Die Stilsaga der Sprachkritik

Der Urahn aller Sprachkritiker – Wustmann möge mir verzeihen – ist Eduard Engel: Die Stillehre dieses Altphilologen – jemand also, der sich mit den alten Sprachen befasst – erreichte in der Kaiserzeit und in der Weimarer Republik unglaubliche 31 Auflagen. Das sind Zahlen, von denen sogar ein Bastian Sick heute träumt. Kurzum: Der «Engel» war in jedem bürgerlichen Bücherschrank zu finden, überall dort, wo ein Filius oder eine Filia mit Schulwissen über deutsche Sprache traktiert wurde.

Das Lustige für heutige Leser an seinen Texten ist, dass sich fast «der gesamte Wolf Schneider» schon «in nuce» hier vorgeformt findet: Der kurze Satz wird gelobt, das Adjektiv verteufelt, die «Fremdwörterei» beschimpft, die Verwechslung von «als» und «wie» mit dem Untergang des germanischen Abendlandes gleichgesetzt – kurzum: alles steht schon dort, wo es gegenwärtig auch im trauten Heim unserer Sprachkritiker zu finden ist. Nur dass Engels Beispiele natürlich noch nicht aus «Zeit» und «Frankfurter Rundschau» stammen können. 

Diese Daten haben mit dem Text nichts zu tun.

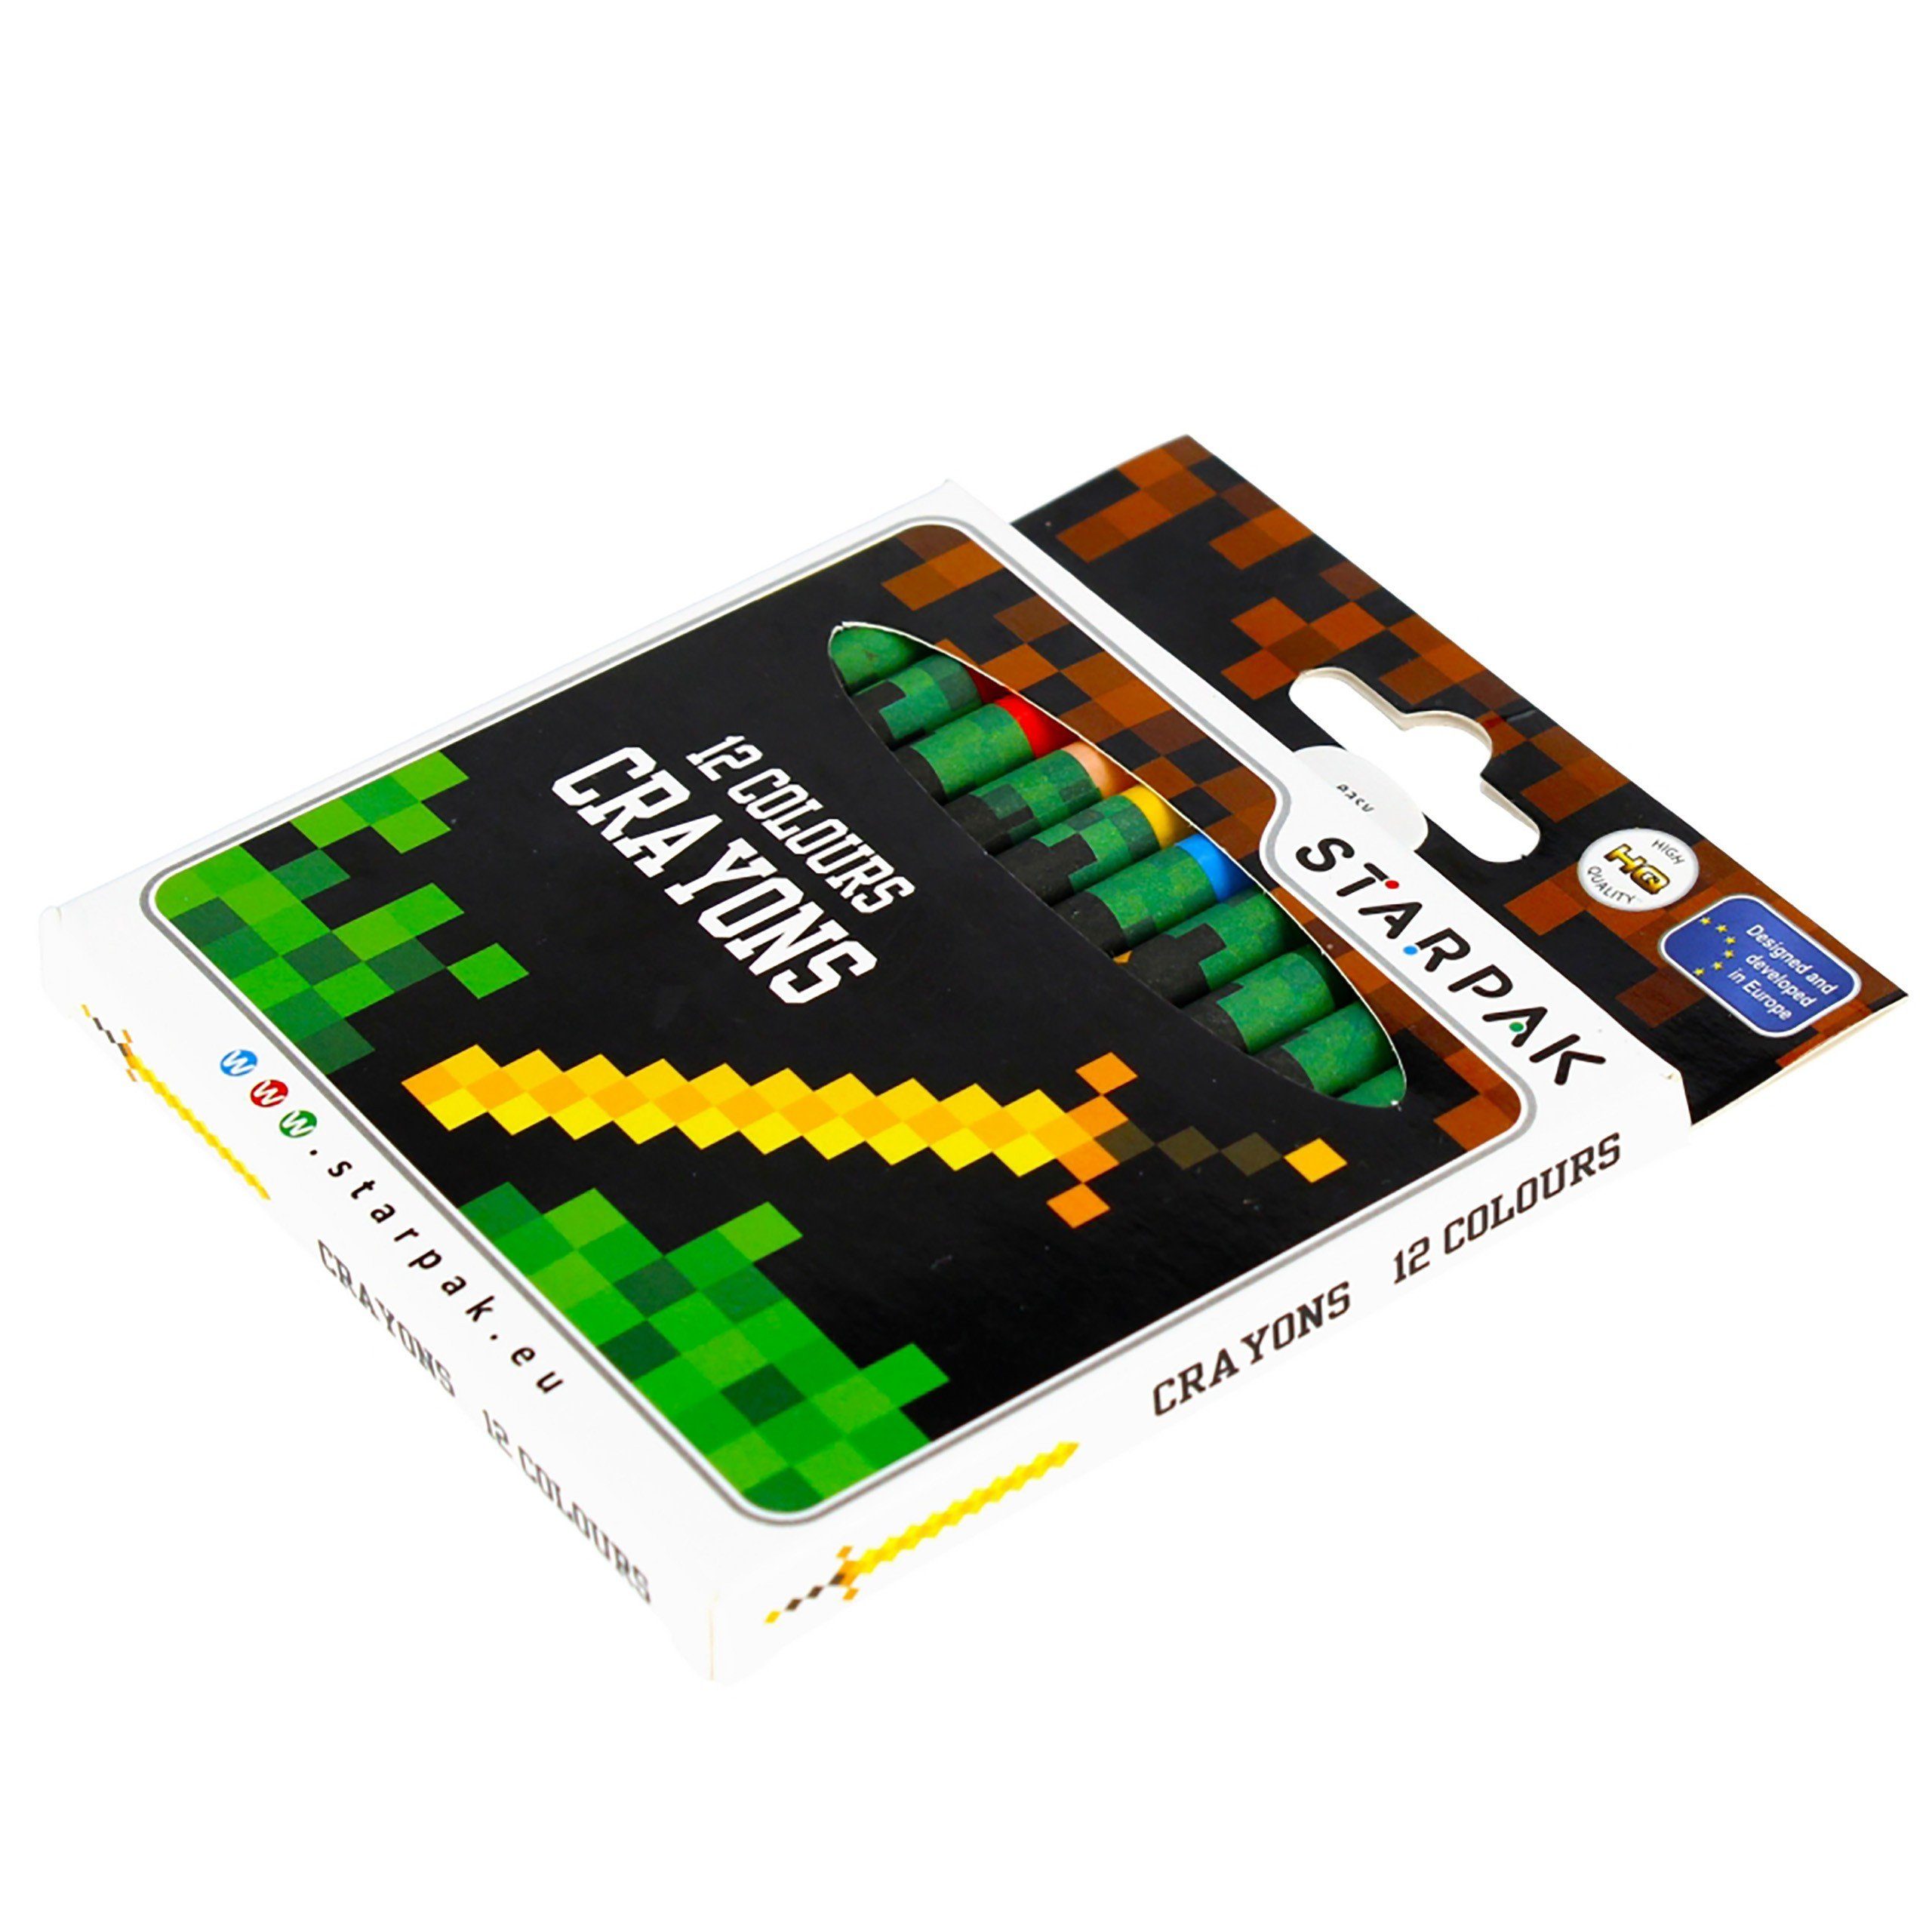 Pixel Röhrenmäppchen GRATIS Game + Federmäppchen Wachsmalstifte Sarcia.eu

Auch das konservative Pathos, das Sprachverfall mit nationalem Untergang gleichzusetzen geneigt ist, tönt hier wie die Posaunen von Jericho. Damals schon heißt es: «Unter allen schreibenden Völkern sind die Deutschen das Volk mit der schlechtesten Prosa». Ein wissenschaftlicher Beleg für diese kühne Behauptung erübrigt sich einst wie heute, so etwas spürt der germanische Recke in seiner Heldenbrust, von Anfang an liest der Areopag der Sprachkritiker im Kaffeesatz: «Diese Tatsache braucht nicht erwiesen zu werden, sie steht nach dem Urteil der berufenen Kenner der Sprache und des Stiles fest» (S. 9). Und damals wie heute war auch schon jeder berufen, ob Industriekaufmann (Ludwig Reiners) oder Journalist (Wolf Schneider), sofern er nur in dieses  Klagelied des sprachkritischen Gesangsvereins aus voller Brust einzustimmen wusste.

Manche Traditionslinien, die von Engels Sprachkritik aufs nahegelegene politische Gebiet führen, sind nicht nur komisch, sondern erschreckend, wie hier der Gebrauch des Adverbs «minderwertig»: «Das Fremdwort ist minderwertig: jedes Prosastück voll Schwung und Weihe beweist das" (S. 217). Und: «So gemein. wie sie wirklich sind, müssen die Fremdwörter für das Volksgefühl werden» (S. 218). Vielen «Fremden» ging es bekanntlich kurz darauf so …

Wer sich also informieren möchte, wo unsere heutigen Sprachkritiker ihren Most beziehen, der möge an «dem Engel» nicht vorbeigehen – auch deshalb, weil er dann auch auf jene überreiche Zitatquelle stößt, wo schon damals die Beispiele der heutigen Texte sprudelten.